**Work item**
Your answer must hold only the lines below from the line containing "Torrent de Pareis" through the line containing "60681, tapis persan", each reproduced exactly.

━━ Data to use ━━

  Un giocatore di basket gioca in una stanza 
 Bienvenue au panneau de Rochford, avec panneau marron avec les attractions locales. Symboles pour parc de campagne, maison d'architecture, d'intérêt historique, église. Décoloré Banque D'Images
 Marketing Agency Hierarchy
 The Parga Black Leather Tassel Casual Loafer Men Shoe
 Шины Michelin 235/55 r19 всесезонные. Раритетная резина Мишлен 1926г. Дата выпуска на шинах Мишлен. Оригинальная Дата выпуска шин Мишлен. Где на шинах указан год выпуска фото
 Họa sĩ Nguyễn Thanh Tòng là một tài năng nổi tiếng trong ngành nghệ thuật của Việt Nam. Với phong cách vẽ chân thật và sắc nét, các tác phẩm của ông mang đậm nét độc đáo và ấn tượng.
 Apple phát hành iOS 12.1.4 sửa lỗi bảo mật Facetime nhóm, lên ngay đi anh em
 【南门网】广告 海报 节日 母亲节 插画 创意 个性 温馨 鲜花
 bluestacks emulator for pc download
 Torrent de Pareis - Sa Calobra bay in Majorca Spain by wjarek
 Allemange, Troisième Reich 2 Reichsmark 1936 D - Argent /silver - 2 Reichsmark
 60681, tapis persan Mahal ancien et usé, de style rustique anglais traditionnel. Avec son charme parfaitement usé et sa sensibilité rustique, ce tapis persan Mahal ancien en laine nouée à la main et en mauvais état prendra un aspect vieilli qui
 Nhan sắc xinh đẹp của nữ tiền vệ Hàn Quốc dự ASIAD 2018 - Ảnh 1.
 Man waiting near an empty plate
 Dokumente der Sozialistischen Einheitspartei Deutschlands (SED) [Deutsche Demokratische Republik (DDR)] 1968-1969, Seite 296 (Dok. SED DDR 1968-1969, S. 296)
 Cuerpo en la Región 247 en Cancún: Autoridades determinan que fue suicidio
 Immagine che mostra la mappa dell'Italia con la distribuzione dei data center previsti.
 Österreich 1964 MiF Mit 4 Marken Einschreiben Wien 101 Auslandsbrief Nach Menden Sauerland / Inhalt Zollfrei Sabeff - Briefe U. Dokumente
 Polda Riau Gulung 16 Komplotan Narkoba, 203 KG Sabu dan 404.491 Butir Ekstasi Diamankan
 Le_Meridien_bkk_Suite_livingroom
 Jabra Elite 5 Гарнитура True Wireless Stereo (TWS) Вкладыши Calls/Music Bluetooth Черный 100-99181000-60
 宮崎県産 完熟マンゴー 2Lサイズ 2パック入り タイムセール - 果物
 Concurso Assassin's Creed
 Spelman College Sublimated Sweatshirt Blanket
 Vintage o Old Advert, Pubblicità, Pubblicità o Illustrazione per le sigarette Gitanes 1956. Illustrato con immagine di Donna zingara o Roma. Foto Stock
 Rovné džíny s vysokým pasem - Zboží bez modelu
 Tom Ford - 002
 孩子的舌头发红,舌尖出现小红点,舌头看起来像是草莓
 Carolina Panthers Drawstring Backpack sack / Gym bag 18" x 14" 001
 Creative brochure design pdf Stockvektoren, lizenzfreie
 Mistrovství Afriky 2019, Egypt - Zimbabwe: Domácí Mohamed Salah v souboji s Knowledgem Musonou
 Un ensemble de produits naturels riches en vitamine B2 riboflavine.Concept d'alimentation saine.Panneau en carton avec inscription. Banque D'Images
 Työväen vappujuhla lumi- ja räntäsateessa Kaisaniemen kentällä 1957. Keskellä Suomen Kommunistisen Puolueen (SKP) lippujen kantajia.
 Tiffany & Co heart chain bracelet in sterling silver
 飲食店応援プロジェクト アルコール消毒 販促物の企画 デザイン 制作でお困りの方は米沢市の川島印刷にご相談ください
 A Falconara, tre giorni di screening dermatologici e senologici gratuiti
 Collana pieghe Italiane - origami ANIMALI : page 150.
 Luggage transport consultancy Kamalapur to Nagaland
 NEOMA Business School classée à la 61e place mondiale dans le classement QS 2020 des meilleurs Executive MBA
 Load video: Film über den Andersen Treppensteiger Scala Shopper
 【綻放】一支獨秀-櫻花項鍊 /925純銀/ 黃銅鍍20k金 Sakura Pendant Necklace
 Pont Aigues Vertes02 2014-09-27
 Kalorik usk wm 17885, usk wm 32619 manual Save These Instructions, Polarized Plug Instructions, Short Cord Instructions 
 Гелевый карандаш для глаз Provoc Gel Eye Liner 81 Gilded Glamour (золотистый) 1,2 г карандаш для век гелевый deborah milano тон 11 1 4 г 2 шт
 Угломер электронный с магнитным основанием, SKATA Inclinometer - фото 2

━━━

**Solution to the problem**
 Torrent de Pareis - Sa Calobra bay in Majorca Spain by wjarek
 Allemange, Troisième Reich 2 Reichsmark 1936 D - Argent /silver - 2 Reichsmark
 60681, tapis persan Mahal ancien et usé, de style rustique anglais traditionnel. Avec son charme parfaitement usé et sa sensibilité rustique, ce tapis persan Mahal ancien en laine nouée à la main et en mauvais état prendra un aspect vieilli qui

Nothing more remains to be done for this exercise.